Assigned task:
Copy every line of the data exactly, keeping out any picture.

Given data:
========================
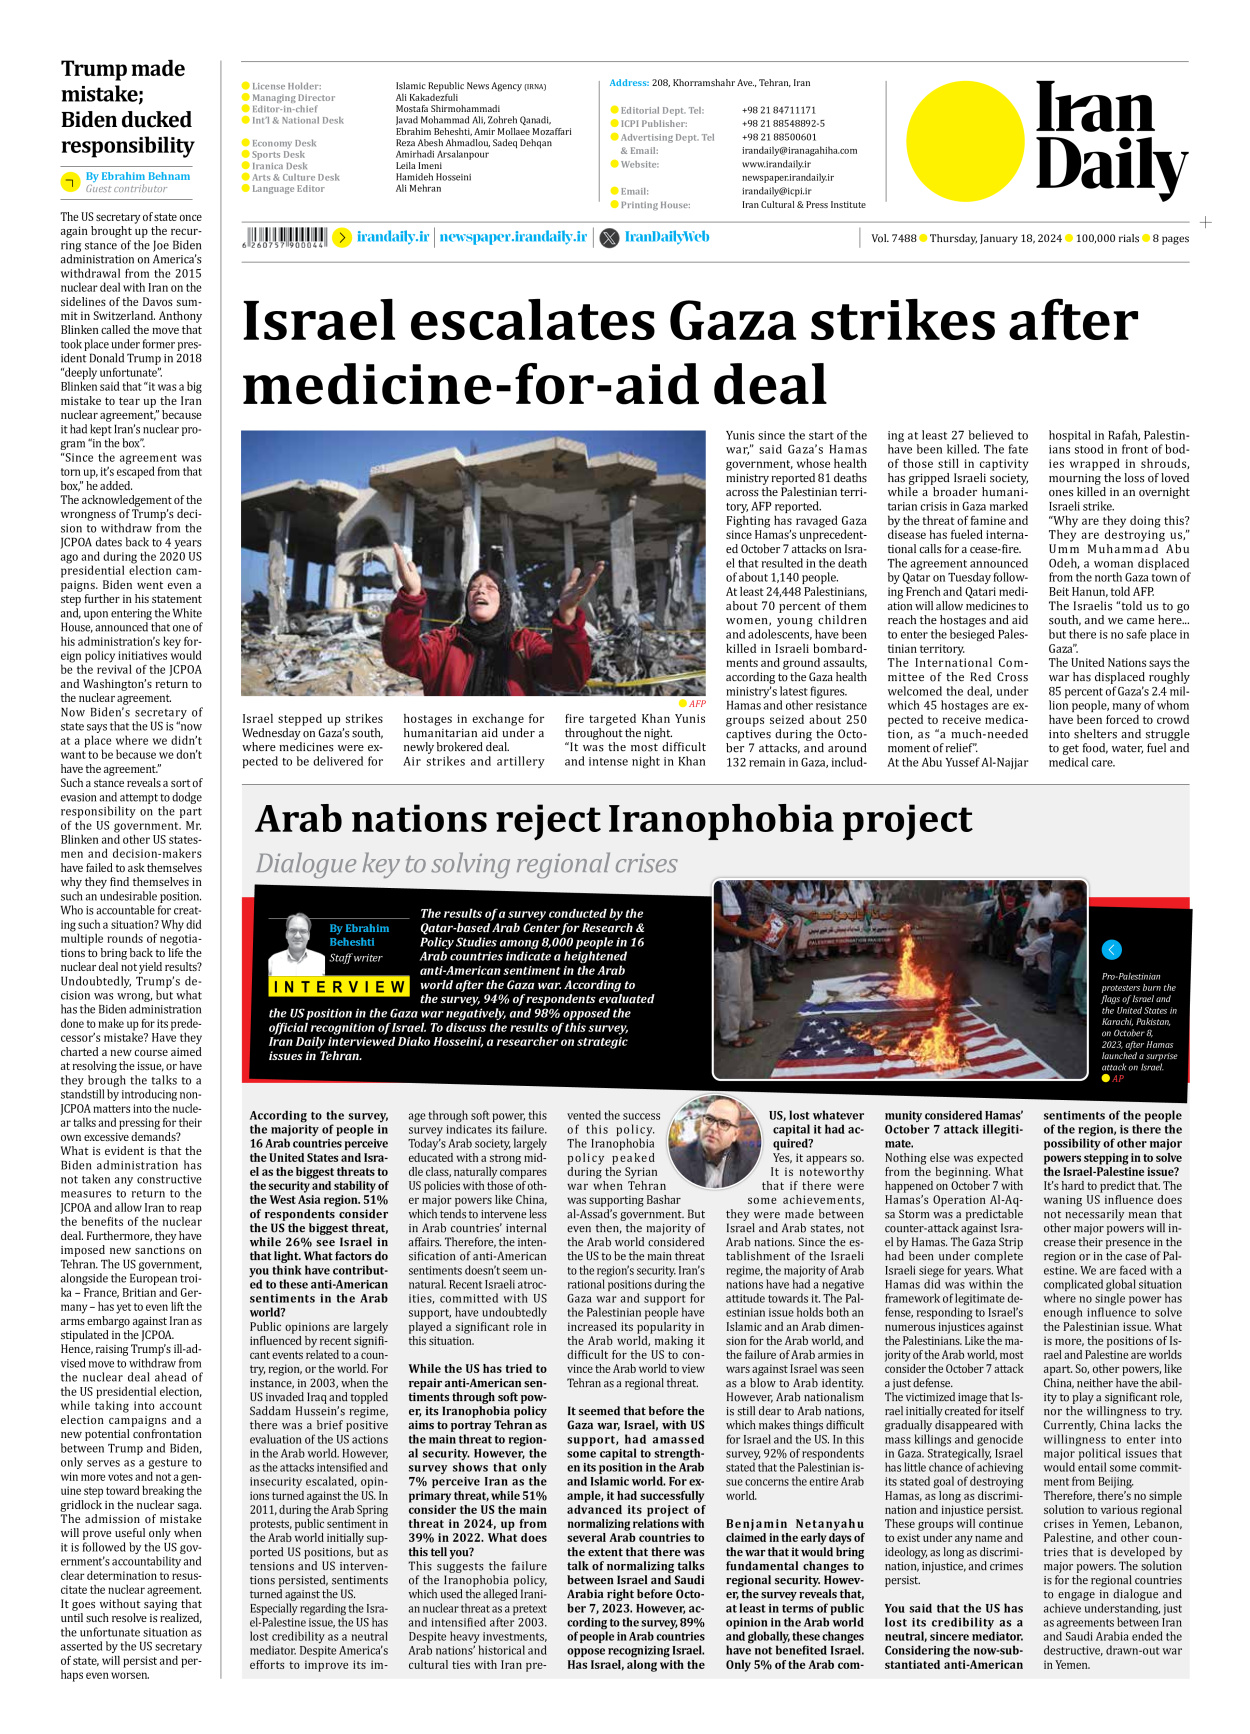 Iran Daily - Number Seven Thousand Four Hundred and Eighty Eight - 18 January 2024 - Page 8
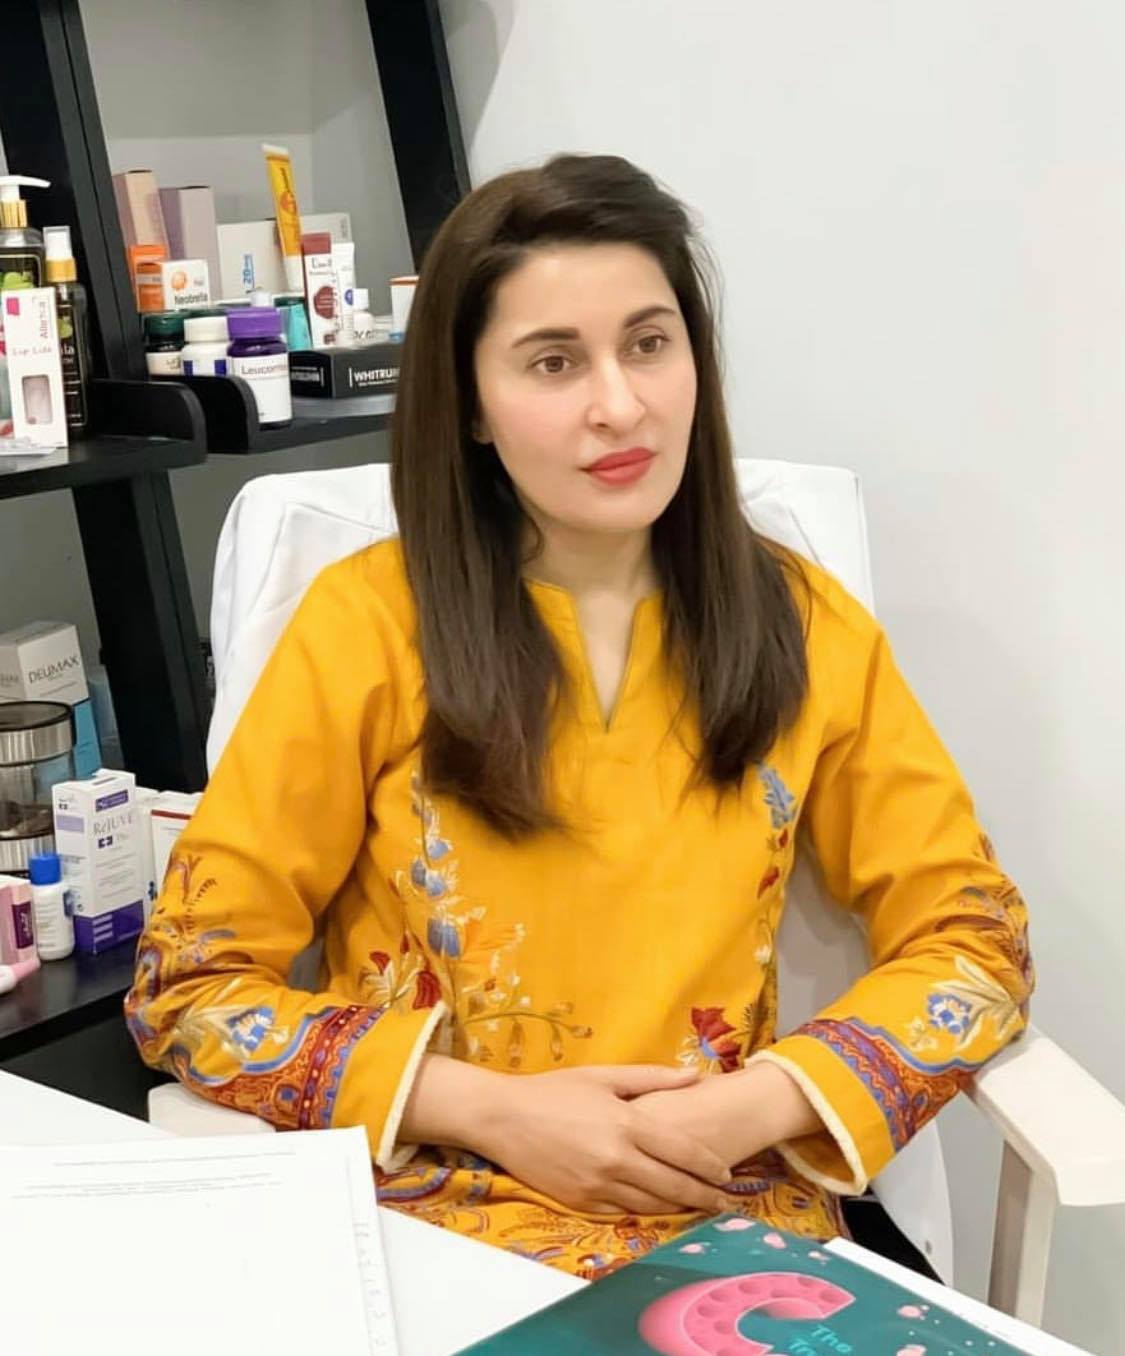 7 Pakistani Actors Who Are Also Doctors
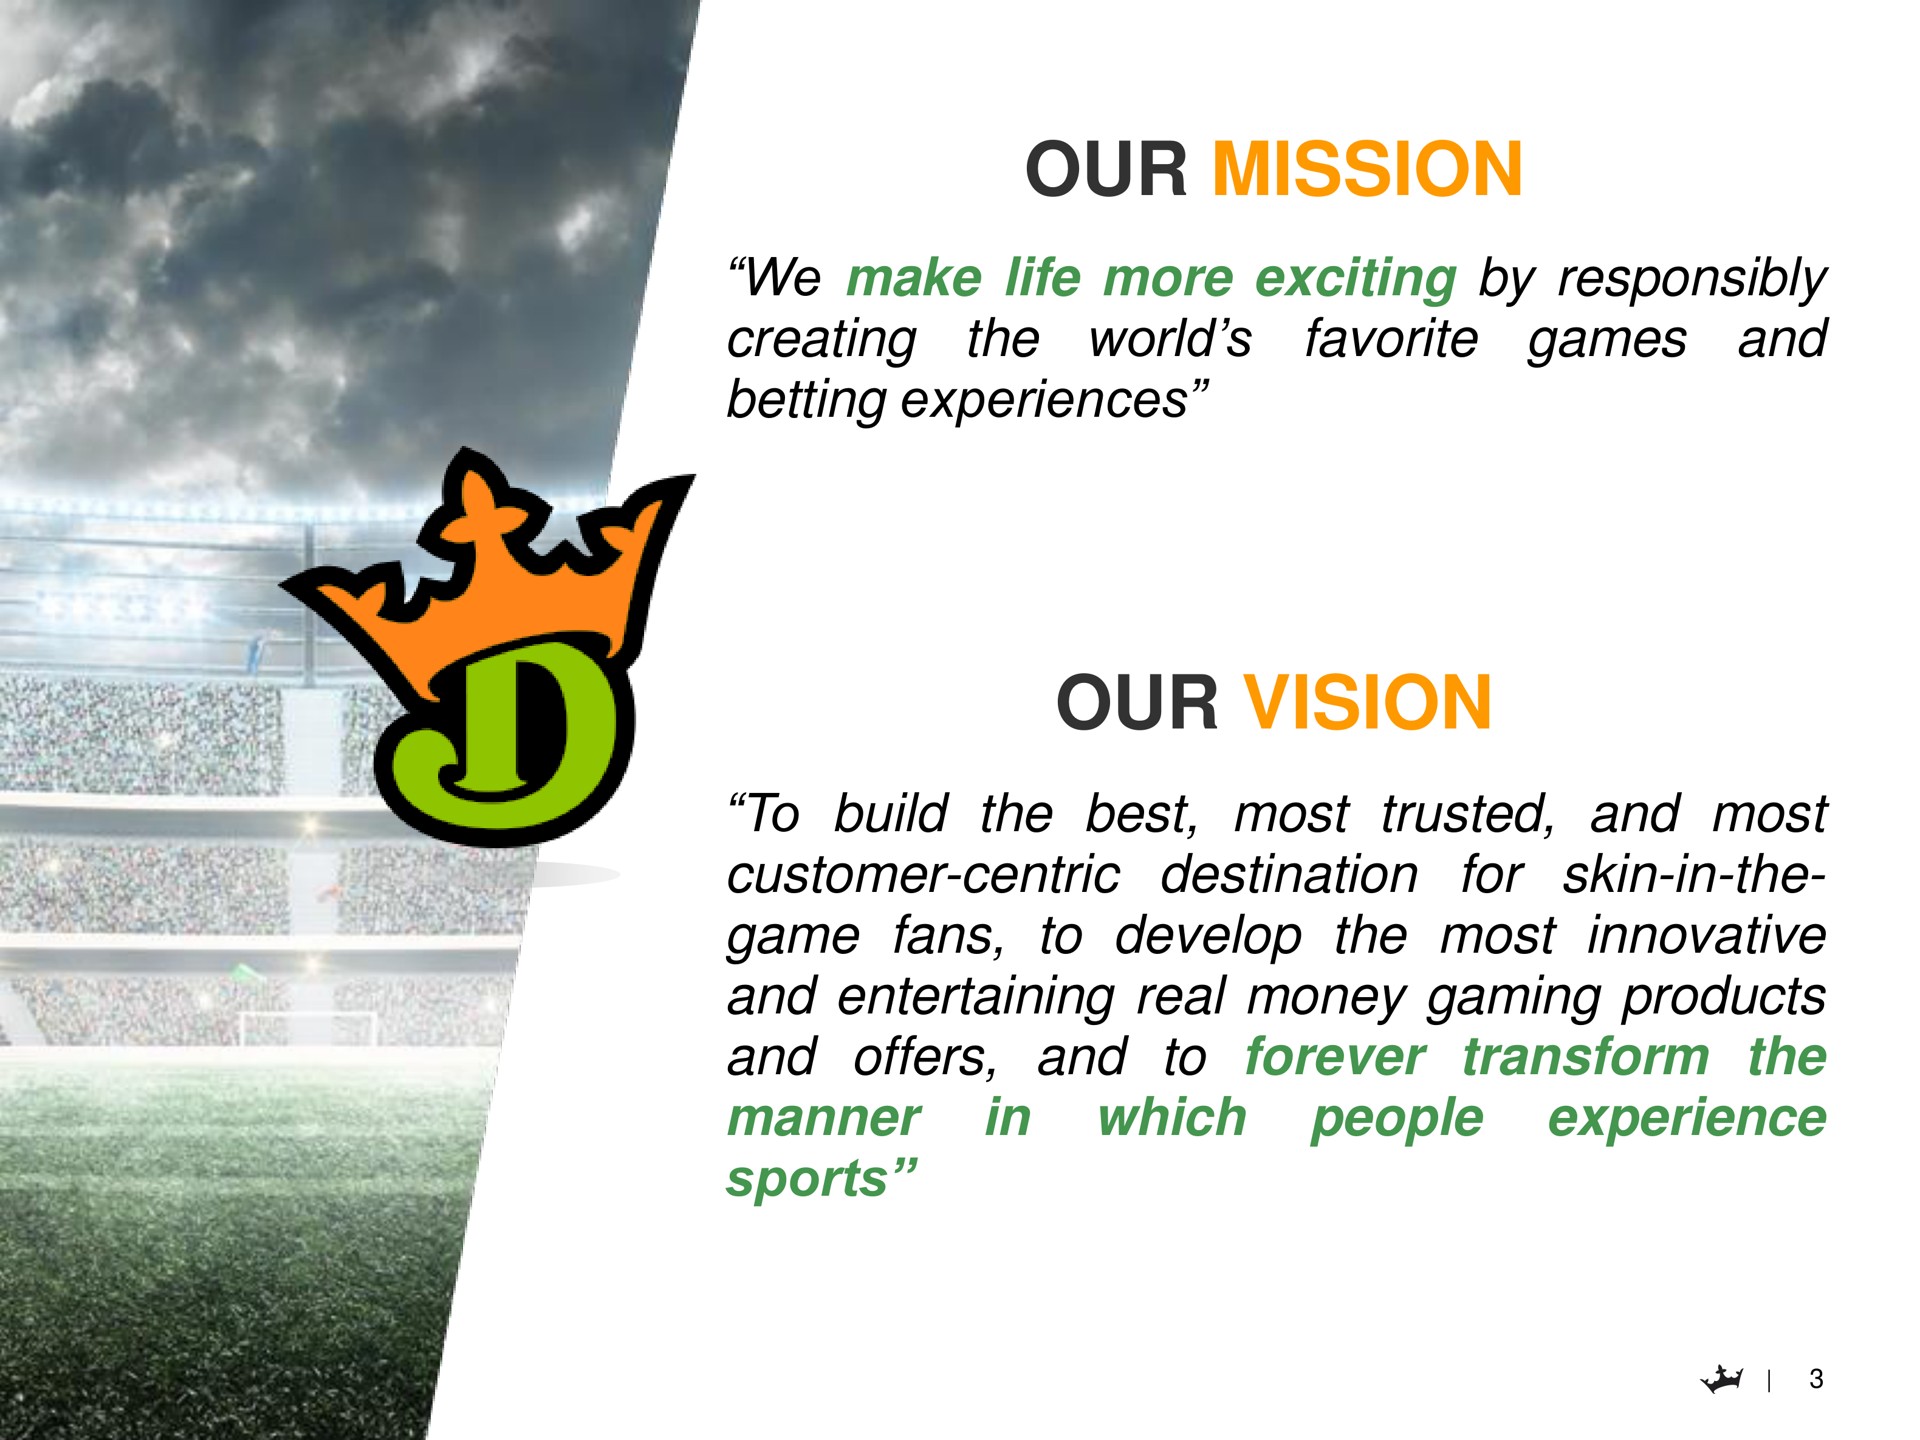 our mission we make life more exciting by responsibly favorite games and creating betting experiences the world our vision to build the best most trusted and most customer centric destination for skin in the game fans to develop the most innovative and entertaining real money gaming products and offers and to forever transform the in which people experience manner sports | DraftKings
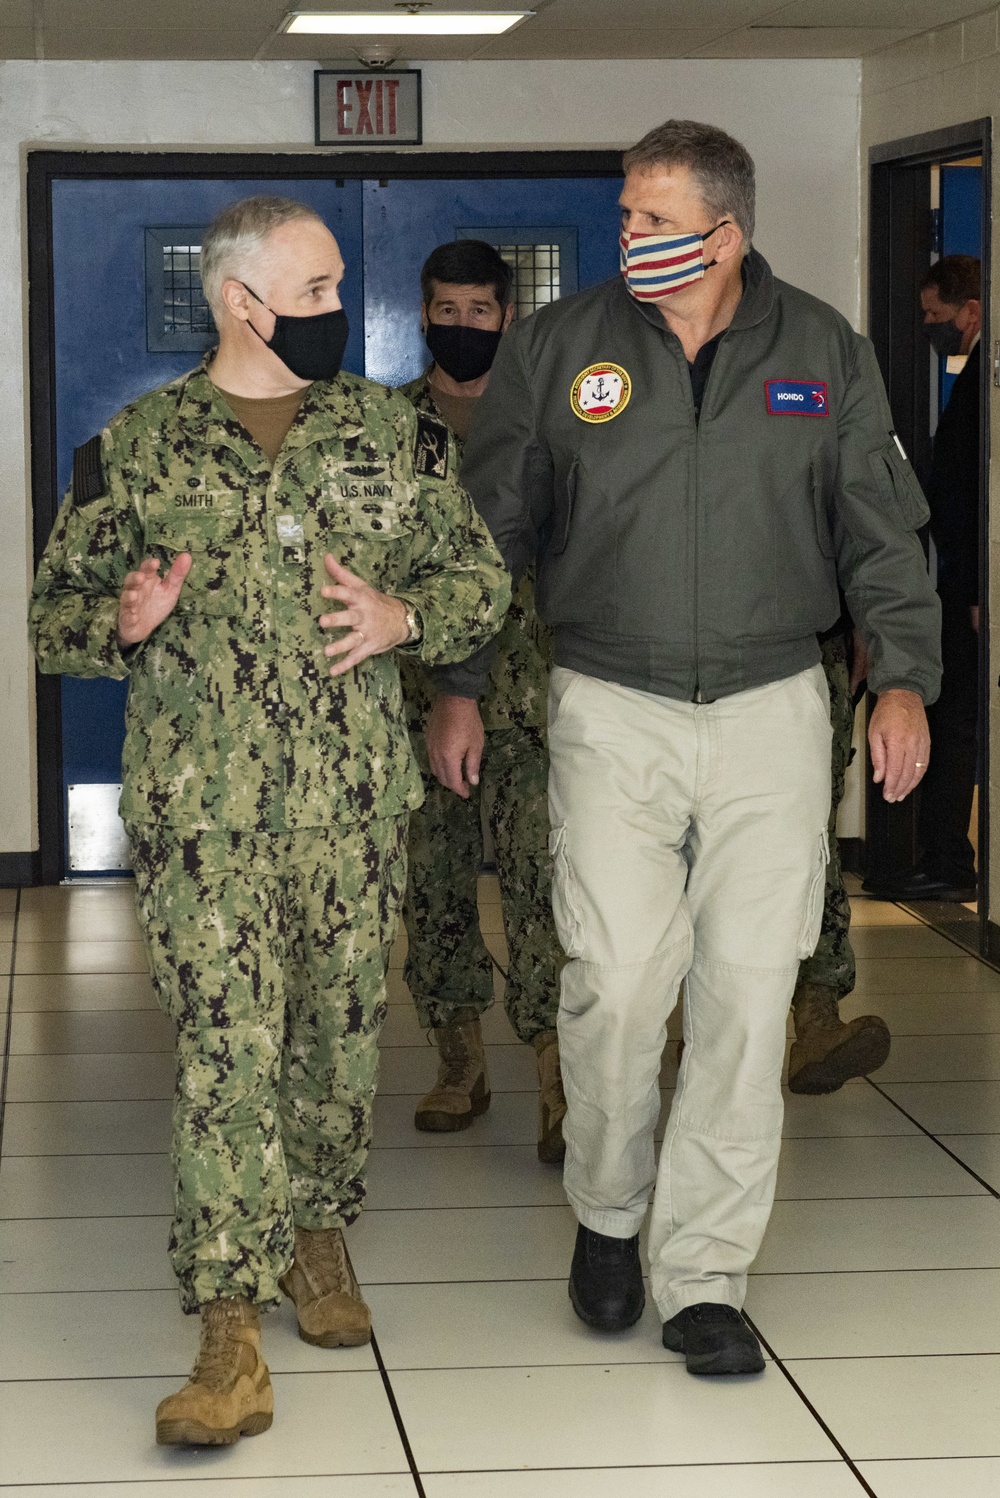 Assistant Secretary of the Navy (RD&amp;A) Visits Units in Pacific Northwest
========================
Solution:
 Iran Daily - Number Seven Thousand Four Hundred and Eighty Eight - 18 January 2024 - Page 8
 7 Pakistani Actors Who Are Also Doctors
 our mission we make life more exciting by responsibly favorite games and creating betting experiences the world our vision to build the best most trusted and most customer centric destination for skin in the game fans to develop the most innovative and entertaining real money gaming products and offers and to forever transform the in which people experience manner sports | DraftKings
 Assistant Secretary of the Navy (RD&amp;A) Visits Units in Pacific Northwest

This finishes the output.